Lawrence-Douglas County Public Health board unsure who will lead the health department during gap between directors
photo by: Contributed and Journal-World File Photos
Lawrence-Douglas County Public Health’s search for its next director is moving into the active recruitment stage, but the tentative timeline may mean the health department’s board has to come up with an interim leader to serve as a representative during the looming city and county budget processes.
The health department’s current director, Dan Partridge, announced his intent to retire last November, effective June 15. But according to Erika Dvorske, the health department board member leading the committee to aid in the director transition process, the target start date for the next director is weeks later on July 5.
The hiring process is on track to make that happen, Dvorske told the board during its monthly meeting Monday evening. Dvorske said Scion Executive Search, the firm the board approved working with to hire a new director last month, is expected to have candidates selected for interviews by early May and pared down to a list of finalists by the last week of the month.
“At this point in time — because we just don’t know, there’s a whole lot of things that could happen — I would suggest that a two to three week window is something that wouldn’t necessarily demand an interim (director), but I think if we’re moving beyond that then we would want to revisit this topic and consider an interim,” Dvorske said.
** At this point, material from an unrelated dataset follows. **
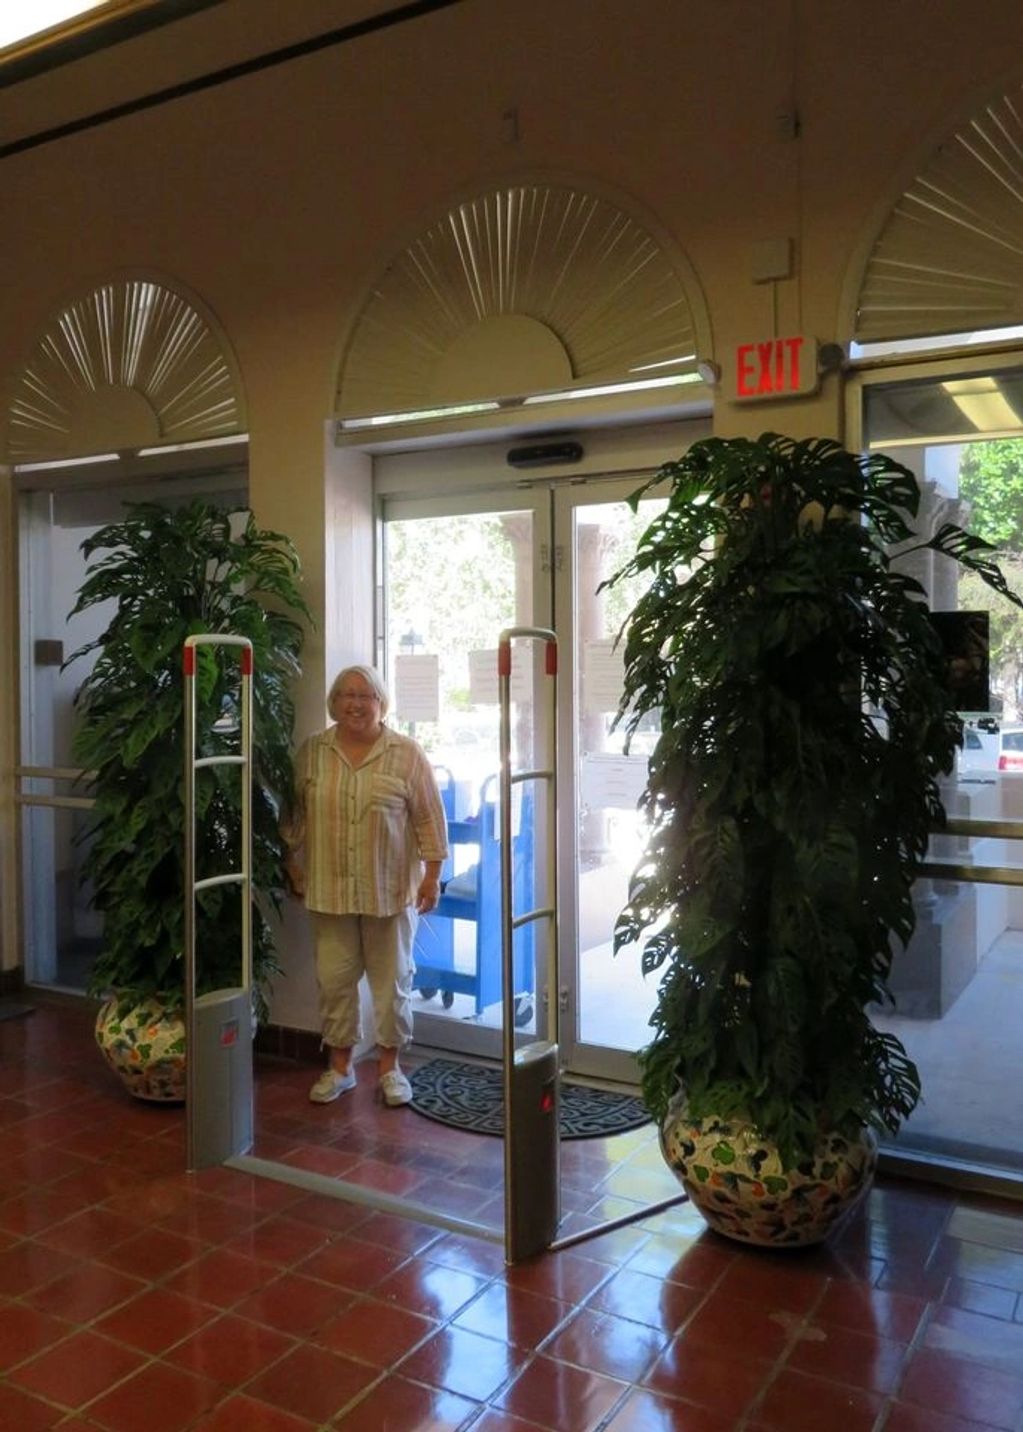 The Library Entrace with new plants provided by the Friends

Regardless of whether the hiring process takes longer than July 5, that date falls right around when the Douglas County Commission typically begins hosting budget hearings with community partner agencies like the health department. Partridge noted that there will need to be someone there to represent the health department it in those discussions, but who that might be wasn’t set in stone by the end of Monday’s meeting.
Another board member, Erica Hill, said leaving it in the board’s hands to do so probably wasn’t the right move.
“It’s kind of odd for me thinking about management versus governance, that the governing body would be acting on behalf of management,” Hill said. “…I still think it’s best practice to have a staff member managing that other staff members can go to if there’s a question or anything. The board is for governing and not management.”
Ultimately, the board didn’t make any decision about who should be next in the chain of command to fill that role once Partridge’s retirement is official in mid-June — board members simply agreed that sometime between now and June 15, they’d make a decision on that front.
In other business, Partridge told the board that Heartland Community Health Center met the Kansas Department of Health and Environment’s March 15 deadline to submit an application for the state’s grant for family-planning service providers, also known as Title X services. Heartland has been in talks with the health department for months to take over for the health department as the county’s grant holder, and Partridge said now the decision is in KDHE’s hands.
“…Every indication that I’ve got says that KDHE’s fully invested in making sure the Title X grant is awarded to this community and it’s executed to the best of Heartland’s ability,” Partridge said.
Until the grant is awarded in July, Partridge reiterated that the health department will continue to facilitate Title X services like contraceptive services and sexually transmitted infection testing and treatment as it has been. Partridge added that the health department submitted a letter of support for Heartland’s recent application to the Health Resources and Services Administration to resume offering services at the health department’s clinic at 200 Maine St. Heartland CEO Julie Branstrom told county leaders earlier this month that she plans for Heartland’s Title X care team to be based there.